The displacement from equilibrium caused by a wave on a string is given by \(y(x, t)=(-0.00200 \mathrm{~m}) \sin \left[\left(40.0 \mathrm{~m}^{-1}\right) x-\right.\) \(\left.\left(800 . \mathrm{s}^{-1}\right) t\right] .\) For this wave, what are the (a) amplitude, (b) number of waves in \(1.00 \mathrm{~m},\) (c) number of complete cycles in \(1.00 \mathrm{~s},\) (d) wavelength, and (e) speed?

Short Answer

Expert verified
Answer: The amplitude is \(0.00200m\), the number of waves in 1.00m is 40, there are approximately 127.32 complete cycles in 1.00s, the wavelength is approximately \(0.15708m\), and the wave speed is approximately \(20m/s\).

Step by step solution

01

(a) Amplitude

To find the amplitude, compare the given wave equation with the general equation of a sinusoidal wave. The amplitude \(A\) is the coefficient of the sine function. In this case, it is \(-0.00200 m\). The amplitude is always a positive value, so the amplitude of this wave is \(0.00200m\).
02

(b) Number of Waves in 1.00m

To find the number of waves in 1.00m, we need the wave number \(k\). The wave number is found by looking at the coefficient of the \(x\) term in the sine function. In this case, the wave number \(k = 40.0 m^{-1}\). The number of waves in 1.00m is equal to the wave number, which in this case is 40.
03

(c) Number of Complete Cycles in 1.00s

To find the number of complete cycles in 1.00s, we need the angular frequency \(\omega\). The angular frequency is found by looking at the coefficient of the \(t\) term in the sine function. In this case, the angular frequency \(\omega = 800 s^{-1}\). To find the number of cycles, we need to convert angular frequency to frequency (\(f\)). The relationship between angular frequency and frequency is given by \(\omega = 2\pi f\). Therefore, we have \(f = \frac{\omega}{2\pi} = \frac{800}{2\pi} \approx 127.32 Hz\). This means there are 127.32 complete cycles in 1.00s.
04

(d) Wavelength

To find the wavelength, we need to use the relationship between wavelength and wave number, which is given by \(\lambda = \frac{2\pi}{k}\).
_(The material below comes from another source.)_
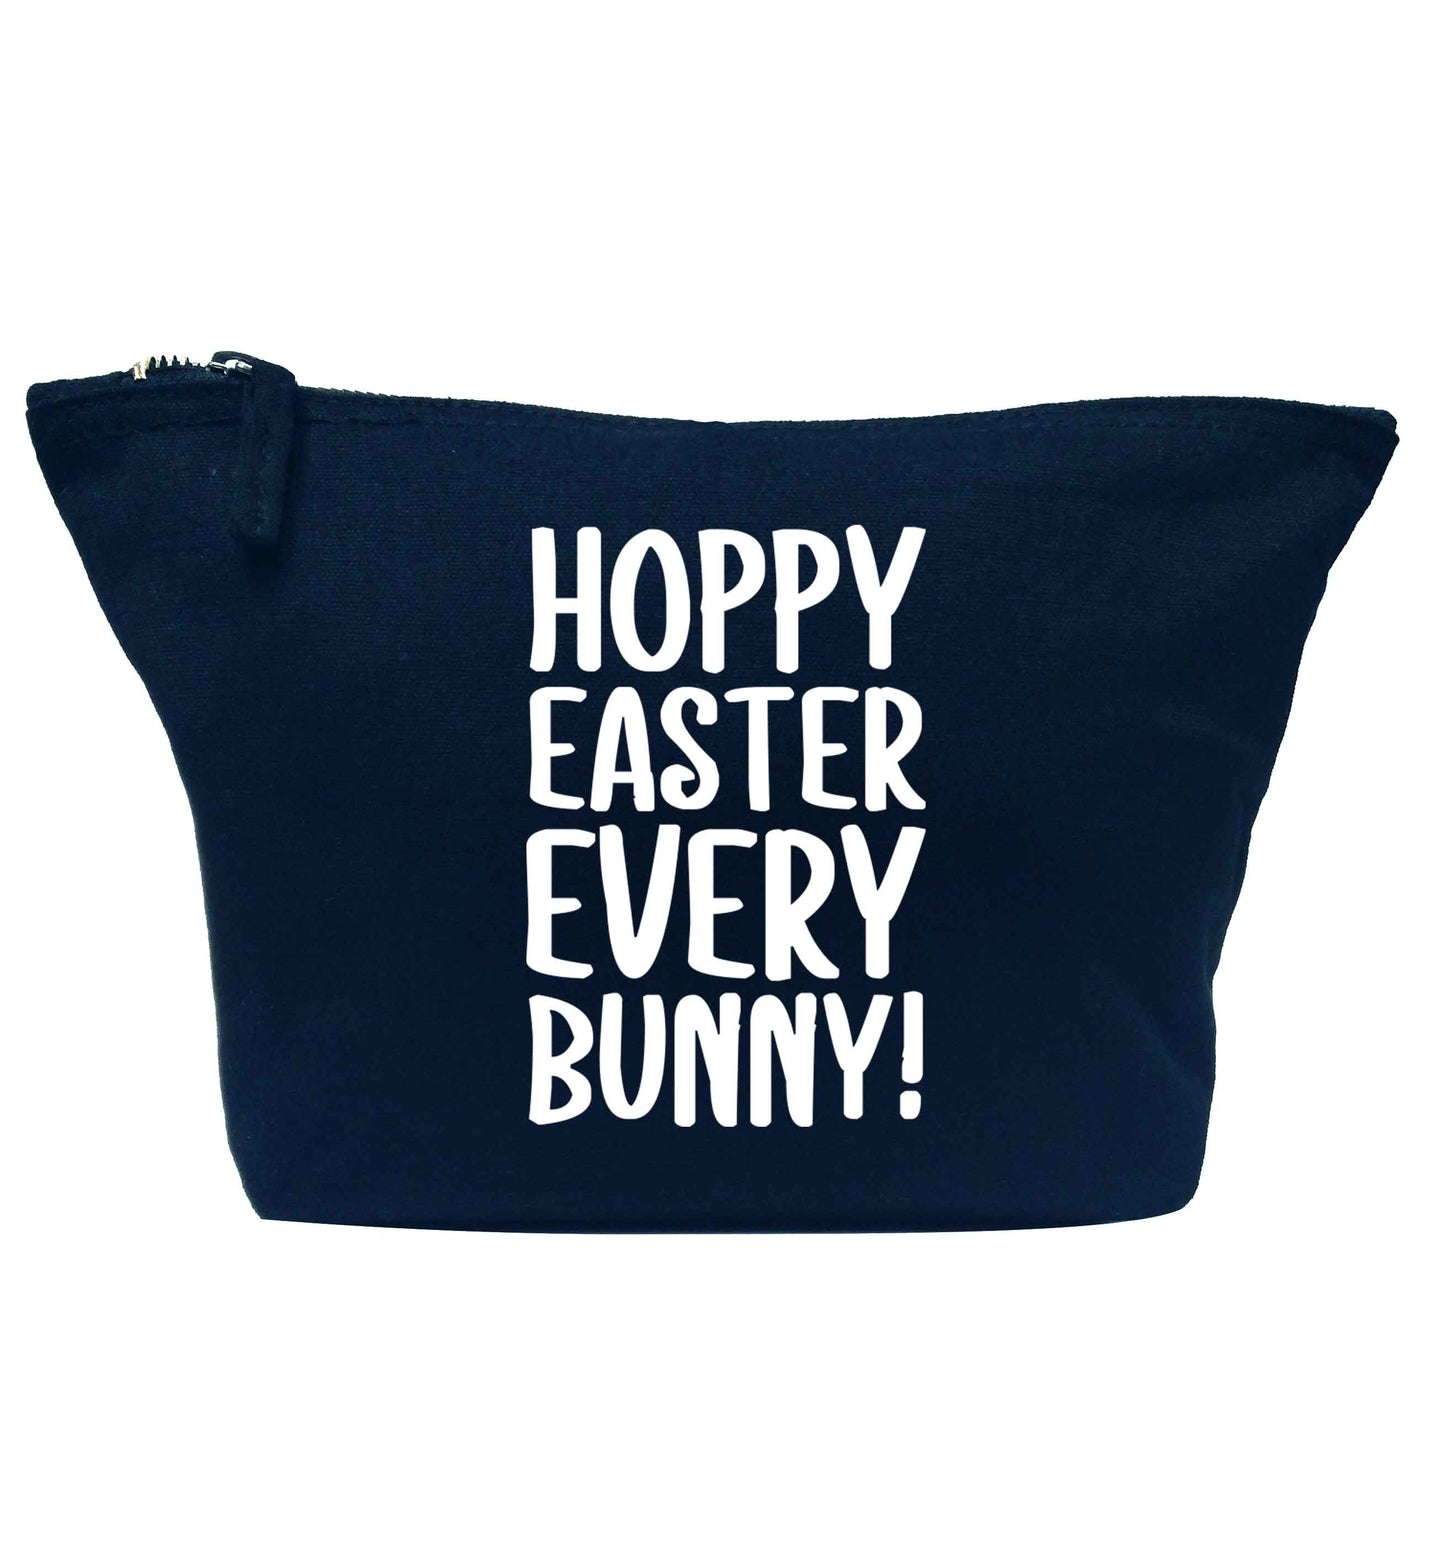 Hoppy Easter every bunny! navy makeup bag

Using the given wave number \(k = 40.0 m^{-1}\), we can find the wavelength as \(\lambda = \frac{2\pi}{40} = \frac{\pi}{20} \approx 0.15708m\).
05

(e) Wave Speed

To find the wave speed, we use the relationship between speed (\(v\)), frequency (\(f\)), and wavelength (\(\lambda\)) given by \(v = f\lambda\). We have the frequency \(f \approx 127.32 Hz\) and wavelength \(\lambda \approx 0.15708m\). So, the wave speed is \(v \approx 127.32 \times 0.15708 \approx 20m/s\).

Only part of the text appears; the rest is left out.